Organizacje piłkarskie FIFA i UEFA znalazły się we wtorek w ogniu krytyki posłów do PE po tym, gdy ich przedstawiciele nie potępili piłkarzy skazanych i oskarżonych o uchylanie się od płacenia podatków. W PE padły nazwiska Cristiano Ronaldo i Lionela Messiego.

W PE spotkali się europosłowie komisji śledczej zajmującej się praniem brudnych pieniędzy i uchylaniem się od płacenia podatków. Tematem obrad było nagminne zjawisko unikania płacenia podatków w środowisku piłkarskim.

Na sali padły nazwiska dwóch znanych piłkarzy: Lionela Messiego i Cristiano Ronaldo. Ten pierwszy został skazany za oszustwa podatkowe - nie zapłacił 4,1 mln euro podatków, ukrywając pieniądze w spółkach zarejestrowanych w Belize i Urugwaju. Ronaldo walczy natomiast z zarzutami, że nie zapłacił 14,7 mln euro podatków. W spotkaniu wzięli udział przedstawiciele FIFA i UEFA, jednak żaden z nich - jak podkreślali europosłowie - nie zdobył się na to, żeby skrytykować środowisko piłkarskie za oszustwa związane z podatkami.

Posiedzenie przebiegło w gorącej atmosferze; ze strony europosłów padły oskarżenia, że zarówno UEFA, jak i FIFA przyczyniają się do korumpowania systemu. Jeden z sprawozdawców komisji, poseł Socjalistów i Demokratów Jeppe Kofod skrytykował łagodną postawę klubu FC Barcelona w obliczu skazania Messiego. Wskazał na kampanię klubu w mediach społecznościowych, sygnowaną hashtagiem #WeAreAllLeoMessi.
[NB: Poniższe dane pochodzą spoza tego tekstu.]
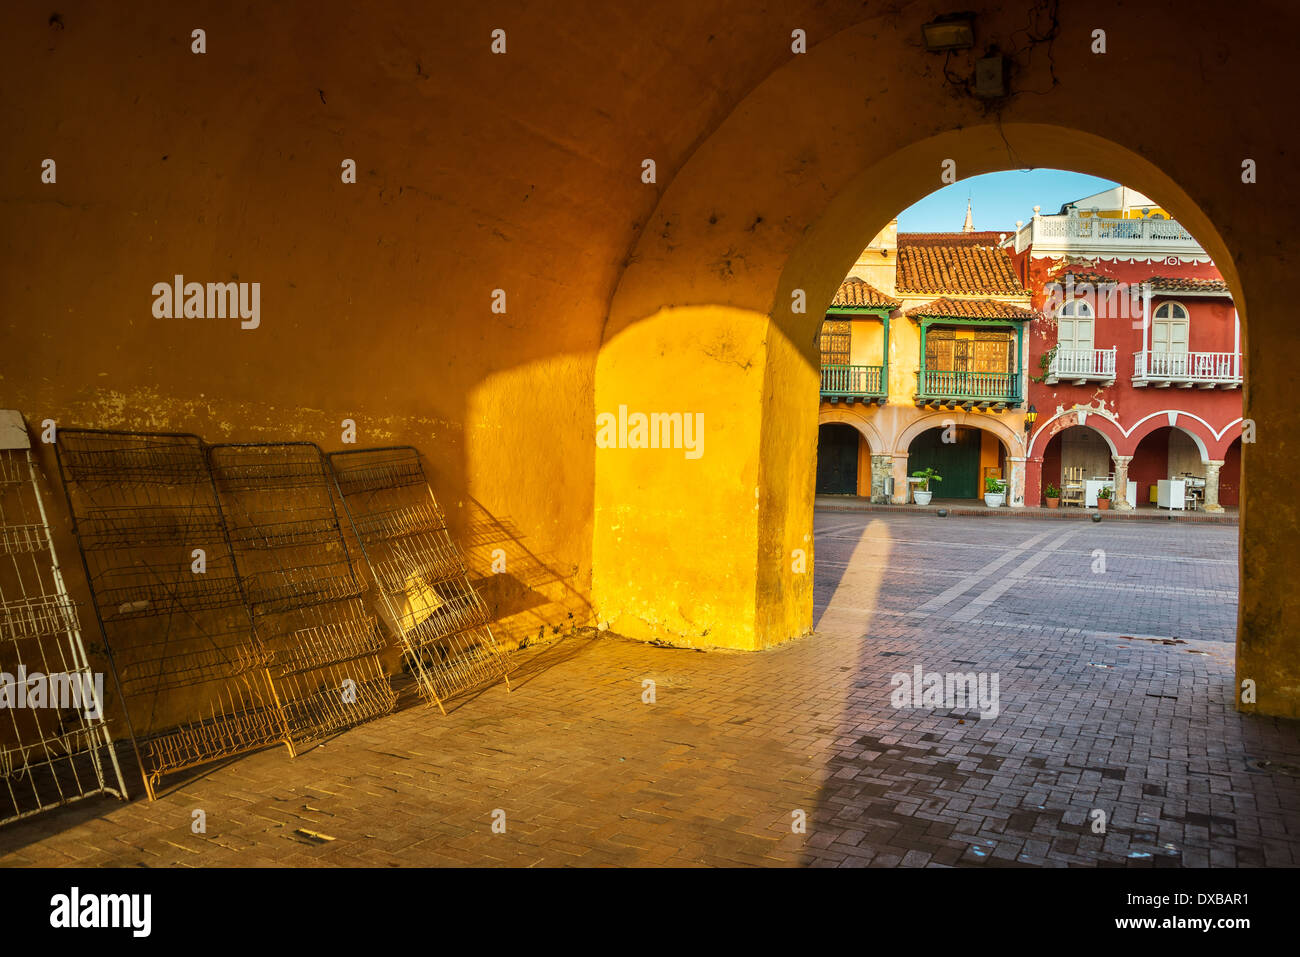 Ingresso alla città vecchia di Cartagena, Colombia con una vista del centro storico di architettura coloniale. Foto Stock

"Jeśli popieracie panowie fair play, to czy nie powinniście popierać również uczciwego płacenia podatków?" - pytał Kofod, zwracając się Kimberly'ego Morrisa, przedstawiciela FIFA oraz Juliena Zylbersteina, radcy prawnego UEFA. Jednak obydwaj uchylili się od potępienia gracza i klubu. Morris powiedział, że jest to sprawa "w gestii organów podatkowych". Zylberstein poinformował z kolei, że "uchylanie się od płacenia podatków stanowi wyraźne zagrożenie dla społecznych wartości piłki nożnej i ram regulacyjnych". Zaznaczył jednak, że kwestia ta należy do "organów regulacyjnych".

Reklama

Przewodniczący komisji Werner Langen określił odpowiedzi obu jako "nie do końca zadowalające". Belgijski europoseł frakcji liberałów Louis Michel ocenił natomiast stanowisko obu przedstawicieli jako "dokonały przykład pustosłowia" i potępił ich niechęć do krytyki piłkarzy. "Ci ludzie są całkowicie przeciwni wartościom, których podobno bronicie" - powiedział.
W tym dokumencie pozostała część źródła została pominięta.